Kepala Bidang Angkutan Dishub Kota Semarang, Ambar Prasetyo, menyatakan bajaj yang saat ini terlihat mengangkut penumpang di jalan raya tidak mempunyai izin resmi dari Pemerintah Kota (Pemkot) Semarang.
“Bajaj yang beroperasi di Semarang saat ini hanya bermodal surat STNK atau STCK, tidak ada izin angkutan umum dari Dishub,” ujarnya pada Selasa, 30 September 2025.
Menurut Ambar, keberadaan bajaj di Kota Semarang sejauh ini belum memenuhi ketentuan yang diatur dalam peraturan perundang-undangan.
Pihaknya bahkan sudah dua kali membahas persoalan tersebut bersama Satlantas Polrestabes Semarang, Dishub Jawa Tengah dan perwakilan Kementerian Perhubungan.
Lebih lanjut, Ambar menjelaskan bahwa bajaj di Kota Semarang menuai polemik karena tidak bisa dikategorikan sebagai ojek online maupun taksi online.
“Kalau bajaj ini disamakan dengan ojek online jelas tidak bisa.
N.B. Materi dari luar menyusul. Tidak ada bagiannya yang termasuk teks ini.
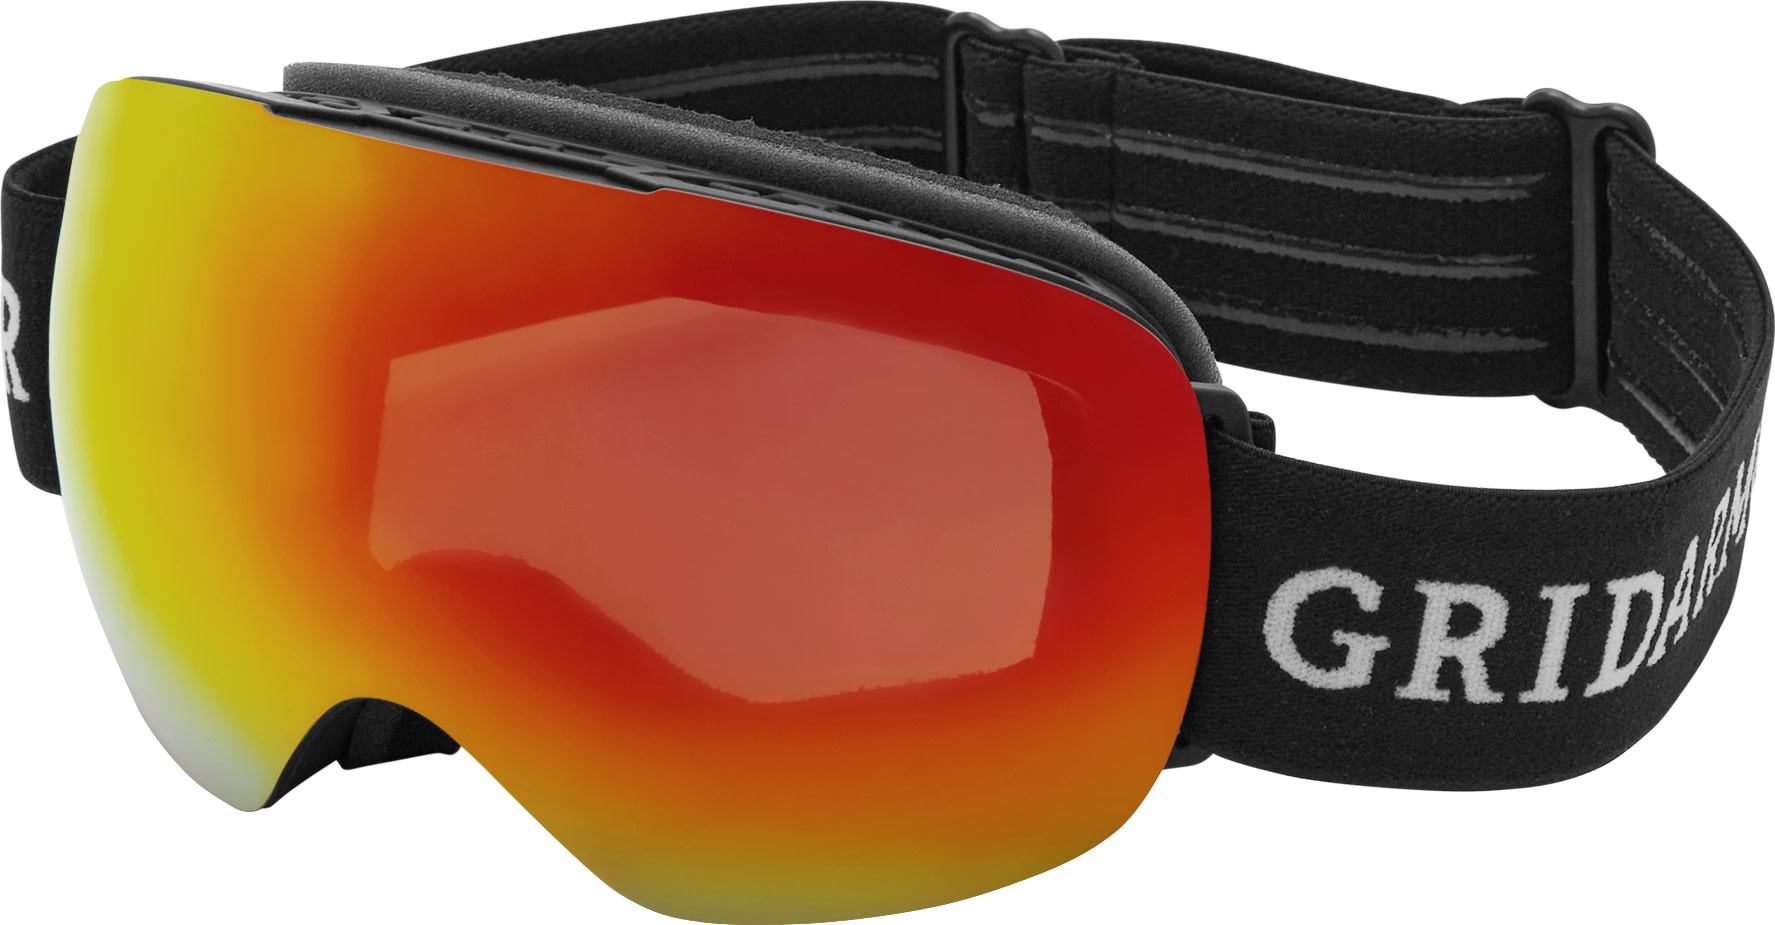 Gridarmor Norefjell Ski Goggles Red

Dalam Permenhub Nomor 12 Tahun 2019 yang diatur hanya sepeda motor, termasuk roda tiga tapi tanpa bodi tertutup. Sedangkan bajaj ini roda tiga dengan rumah, sehingga tidak bisa dikategorikan sebagai ojol,” tuturnya.
Selain itu, lanjut Ambar, aturan tentang angkutan sewa khusus juga tidak bisa menjadi dasar hukum. Hal itu karena Permenhub Nomor 118 Tahun 2018 menetapkan kendaraan taksi online minimal berkapasitas mesin 1.000 cc.
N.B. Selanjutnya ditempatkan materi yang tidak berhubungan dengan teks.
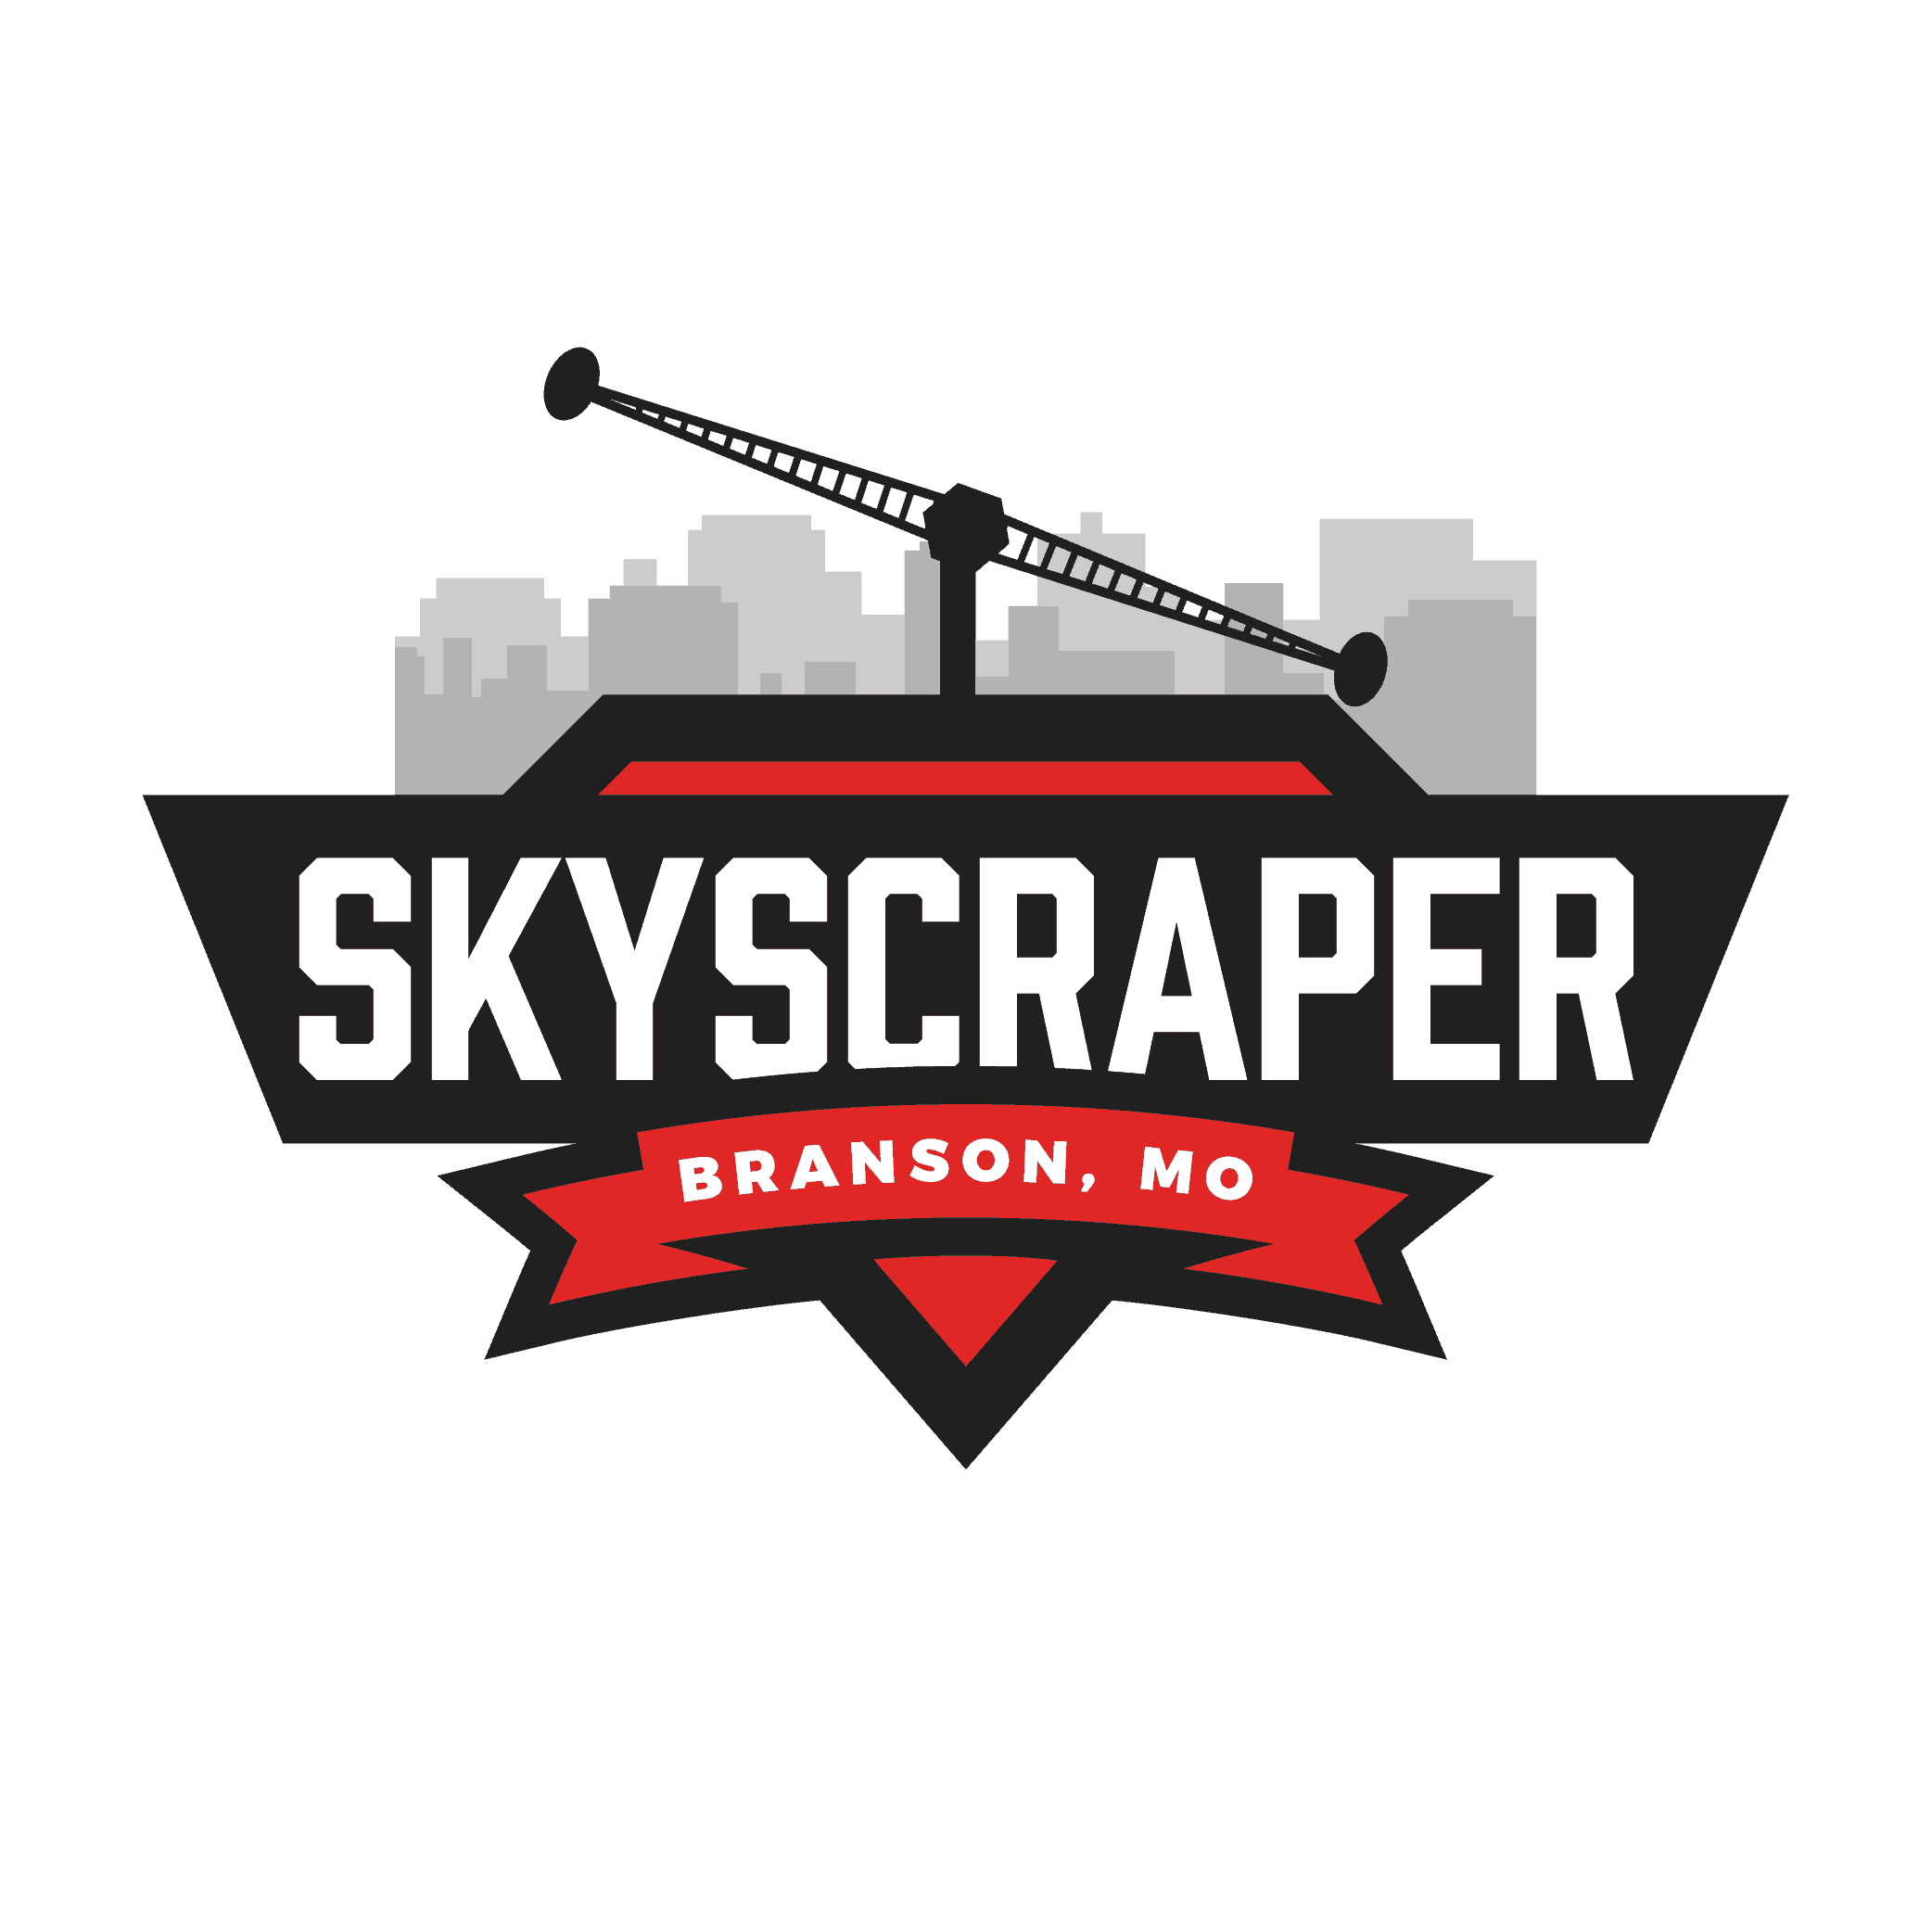 Skyscraper Logo - The Skycoaster Is A Top Branson Missouri Attraction

“Bajaj tidak memenuhi ketentuan sebagai angkutan sewa khusus. Jadi secara aturan, posisinya tidak jelas dan tidak sah sebagai angkutan umum,” tegas Ambar.
Ambar menambahkan, Dishub Kota Semarang saat ini hanya bisa menempatkan bajaj sebagai kendaraan roda tiga untuk kepentingan pribadi dengan rute terbatas di jalan lokal dan lingkungan sebagaimana diatur dalam Permenhub Nomor 117 Tahun 2018.
“Kami akan lakukan pemantauan dan pengawasan terlebih dahulu. Kita juga sudah melihat berita di media massa atau online itu soal Organda dan jajarannya yang keberatan. Besok hari Sabtu kita undang untuk menyampaikan langsung ke kami bersama Satlantas,” katanya.
Sementara itu, Sekretaris Komisi C DPRD Kota Semarang, Danur Rispriyanto, mengatakan bahwa pihaknya akan mengundang Dishub setempat terkait beroperasinya bajaj online di Kota Semarang.
“Kita nanti akan undang Dishub, nanti kita melihat kajiannya dari mereka seperti apa. Masukan mereka seperti apa,” katanya.
Danur menyatakan, jika keterangan dan kajian sudah cukup, dewan akan mengundang pihak operator bajaj bernama Max Ride untuk melakukan audiensi.
“Ke depan kita juga akan undang pihak operatornya juga,” ujarnya.
Saat disinggung perihal penolakan Organisasi Angkutan Darat (Organda) Kota Semarang terhadap bajaj, pihaknya mengaku hal tersebut merupakan sebuah masukan yang perlu dihargai.
Dewan, kata dia, akan membuat kebijakan dengan mengacu pada musyawarah mufakat.
“Kita kan nggak tahu pastinya, misalnya jumlah armadanya berapa, lalu sistemnya seperti apa,” ucapnya.
Adapun terkait penggunaan surat STNK sementara, Danur mengaku hal itu menjadi kewenangan dari pihak kepolisian, sementara Dishub punya wewenang terkait angkutan penumpang dan perizinan.
“Karena ini berhubungan dengan angkutan penumpang, maka kita akan undang Dishub, terkait kebijakan dan perizinan lainnya,” katanya.